(Source records)
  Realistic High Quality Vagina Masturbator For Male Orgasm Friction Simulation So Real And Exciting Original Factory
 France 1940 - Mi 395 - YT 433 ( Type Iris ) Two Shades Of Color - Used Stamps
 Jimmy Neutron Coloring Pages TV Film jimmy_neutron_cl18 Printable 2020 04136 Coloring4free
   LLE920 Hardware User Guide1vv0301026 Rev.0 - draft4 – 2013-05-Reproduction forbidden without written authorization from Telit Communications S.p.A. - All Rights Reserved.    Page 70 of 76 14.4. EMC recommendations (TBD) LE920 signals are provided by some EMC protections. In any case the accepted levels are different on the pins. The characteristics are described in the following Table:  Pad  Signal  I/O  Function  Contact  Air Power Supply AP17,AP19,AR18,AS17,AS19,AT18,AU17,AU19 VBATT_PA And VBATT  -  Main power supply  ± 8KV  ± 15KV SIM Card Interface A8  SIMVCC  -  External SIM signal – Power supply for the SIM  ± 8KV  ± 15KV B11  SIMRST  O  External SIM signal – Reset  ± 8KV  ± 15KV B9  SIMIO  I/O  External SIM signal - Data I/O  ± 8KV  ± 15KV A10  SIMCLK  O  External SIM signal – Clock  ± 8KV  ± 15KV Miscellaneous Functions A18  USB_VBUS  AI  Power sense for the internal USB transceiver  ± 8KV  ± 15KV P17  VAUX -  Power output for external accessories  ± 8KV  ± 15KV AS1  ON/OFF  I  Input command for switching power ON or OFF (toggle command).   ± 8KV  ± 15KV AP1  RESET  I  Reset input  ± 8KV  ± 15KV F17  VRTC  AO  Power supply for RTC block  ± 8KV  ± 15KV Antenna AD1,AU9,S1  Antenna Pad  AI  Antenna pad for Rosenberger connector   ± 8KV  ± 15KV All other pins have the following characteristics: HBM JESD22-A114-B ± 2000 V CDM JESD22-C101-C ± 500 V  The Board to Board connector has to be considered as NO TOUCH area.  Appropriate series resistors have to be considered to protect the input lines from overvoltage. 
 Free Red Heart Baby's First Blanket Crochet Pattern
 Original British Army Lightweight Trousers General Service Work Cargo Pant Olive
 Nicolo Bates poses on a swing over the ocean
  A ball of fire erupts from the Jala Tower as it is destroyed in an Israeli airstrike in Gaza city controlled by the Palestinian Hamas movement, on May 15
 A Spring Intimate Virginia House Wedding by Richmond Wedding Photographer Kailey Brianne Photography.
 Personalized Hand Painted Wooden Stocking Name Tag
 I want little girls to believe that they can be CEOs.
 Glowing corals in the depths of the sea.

GOAL OF THE EXERCISE >> Your answer should be only a number: how many lines in the records hold the word "Original".

ANSWER >> 2